Goering at Elsinore
It’s 1938. The new fighters
test well, steel plants
are in hand, Austria in hand,
Prague on notice, and the Reichsmarschall
in a white uniform lounges
on the deck of the *Carin II*.
(The aide who threads the canals
reports to Himmler, but learns nothing this trip.)
Loudspeakers blare pop songs –
“Blame It On Napoleon!” –
to the smiling waving people on the banks,
and Goering under his awning grins and waves.

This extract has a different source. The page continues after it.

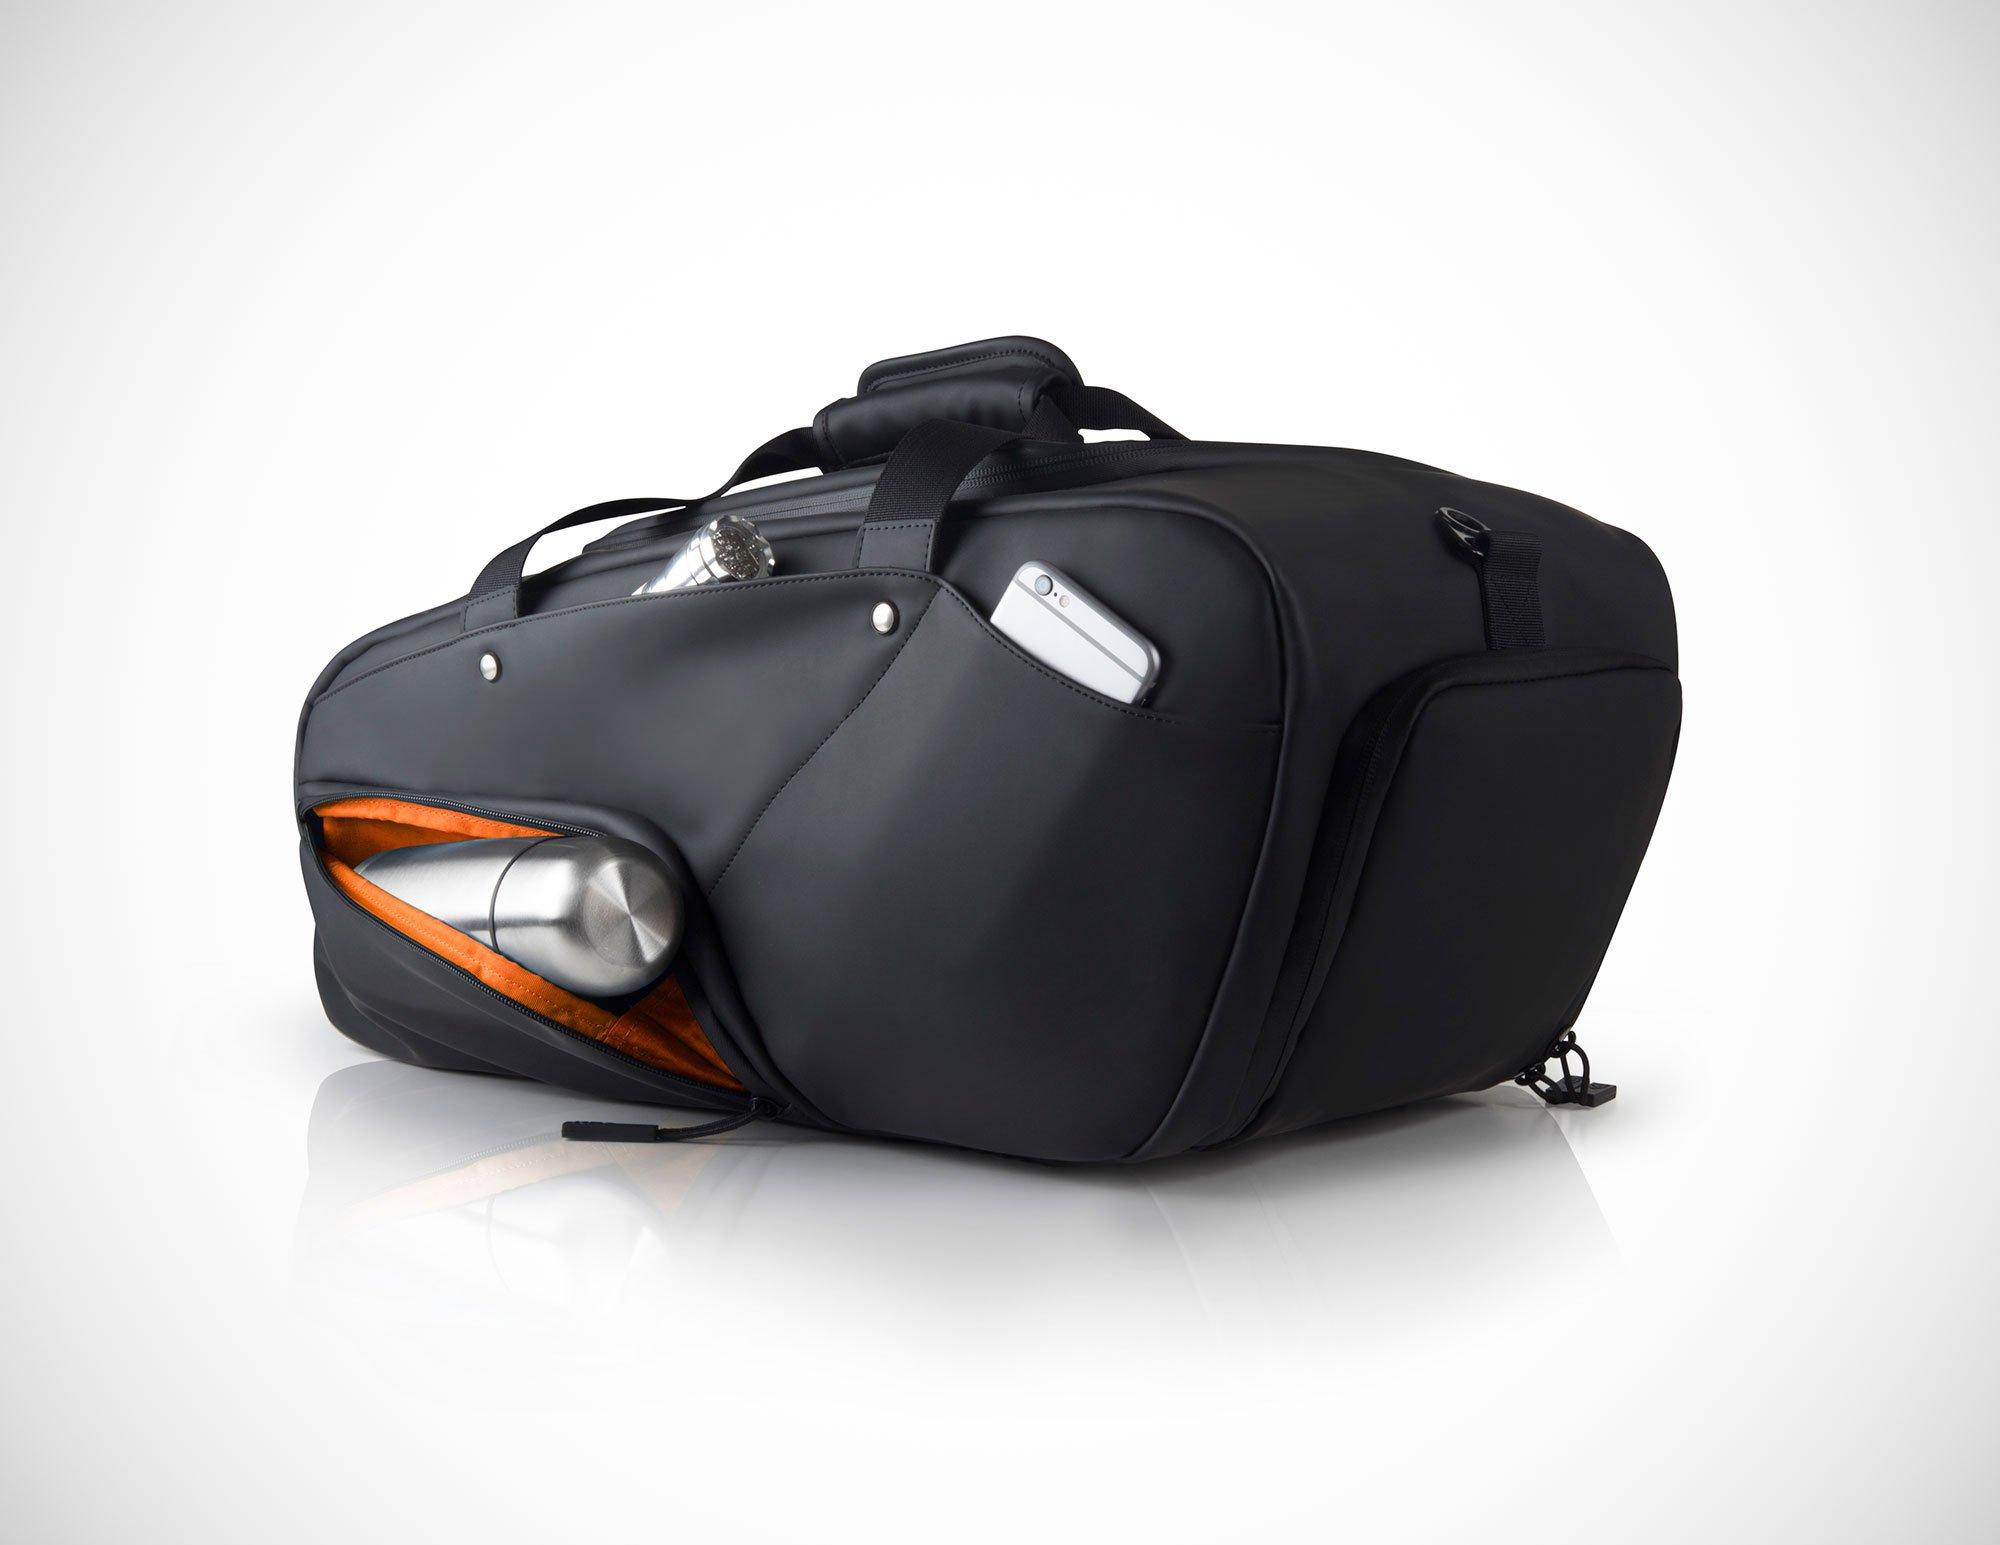 e9c5e2cf05 The KP Duffle Bag

Then he orders the aide to sail
up the coast to Helsingřr.
Whimsically, he doesn’t radio
the Danes till almost within sight
of the castle. But this visit was planned,
and that evening the actor, Gründgens, is not surprised
to see his patron in the audience.
The curtain rises. Hamlet is alone.
There’s no ghost. Claudius looks Jewish.
The scene of him praying turns one’s stomach
with its hypocrisy and insolence!
He has corrupted Gertrude’s blood.
Polonius is an old-style reactionary.
Ophelia is febrile, flighty,
racially mixed. The prince is strong, direct,
Aryan. His flaw is to think
that any of these people *means something.

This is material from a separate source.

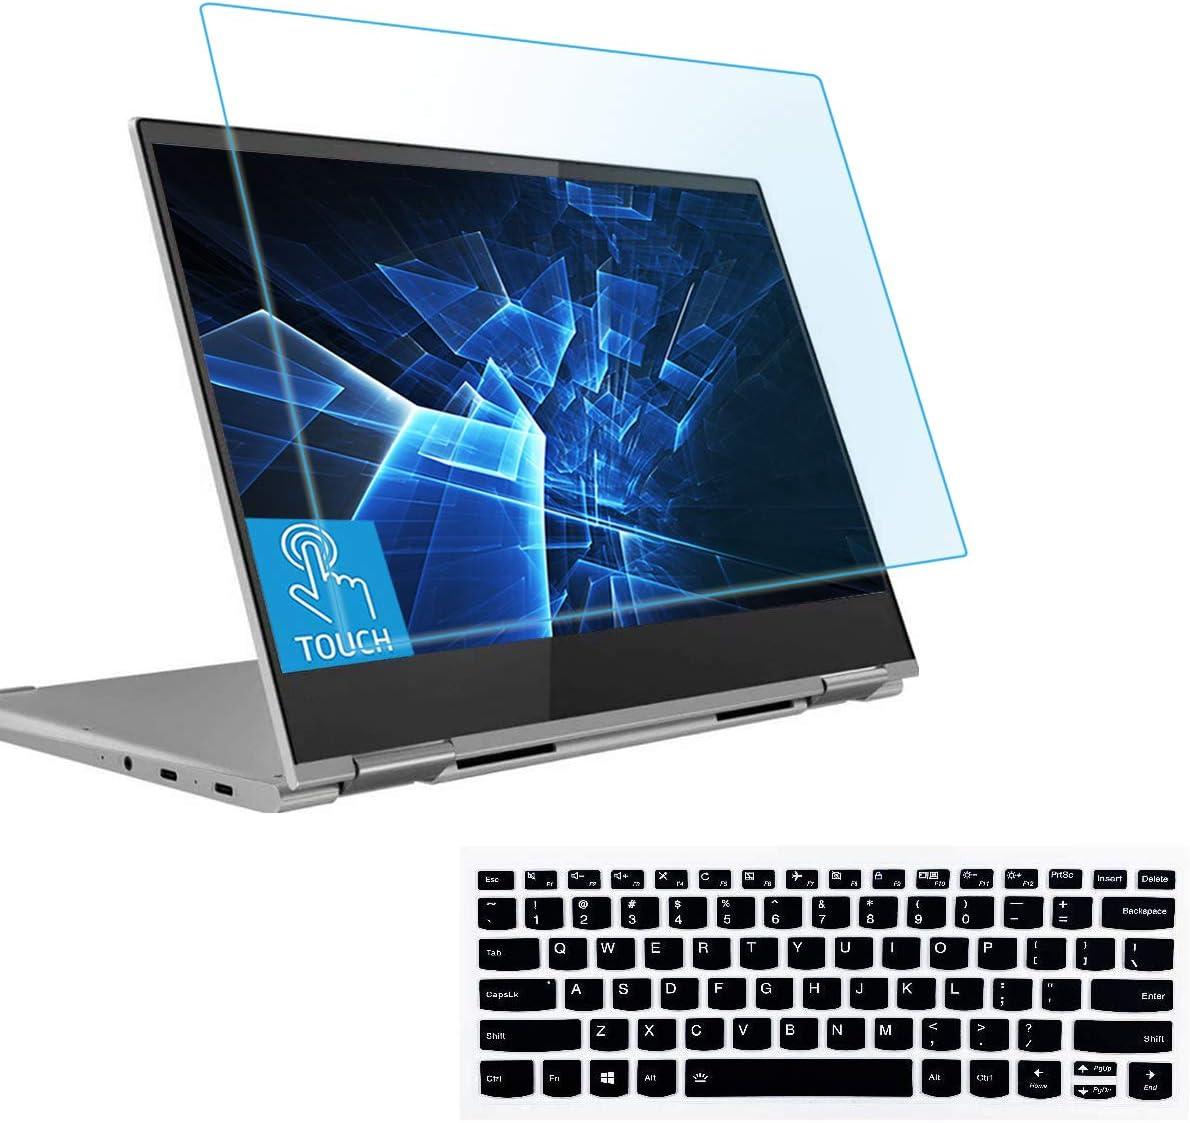 Anti Blue Light Glare Screen Manufacturer OFFicial shop Denver Mall Lenovo Yog for Protector 13.9

They twist him. He should have seized power
when his father died, followed his healthy instinct.
The blond giant Fortinbras succeeds to the crown.
In the dressing-room later, Goering
will again applaud
his protégé Gustav Gründgens,
Intendant of the Prussian State Theater,
not a Party member,
homosexual twice hidden in marriage
(as Goering, who is something else, knows);
he will call him the Hamlet of our age.
And tomorrow the King of Denmark
will pin, as a sort of bribe,
another medal on the uniform.
But now the big man
enjoys, in the undifferentiating
manner morphine entails, the fights
and speeches, the great talent
he owns like a painting, the reports on the Stuka,
obsequious looks, and the high whitewashed vaults
of this castle, Hamlet’s castle, where
the original story, whatever it was, happened.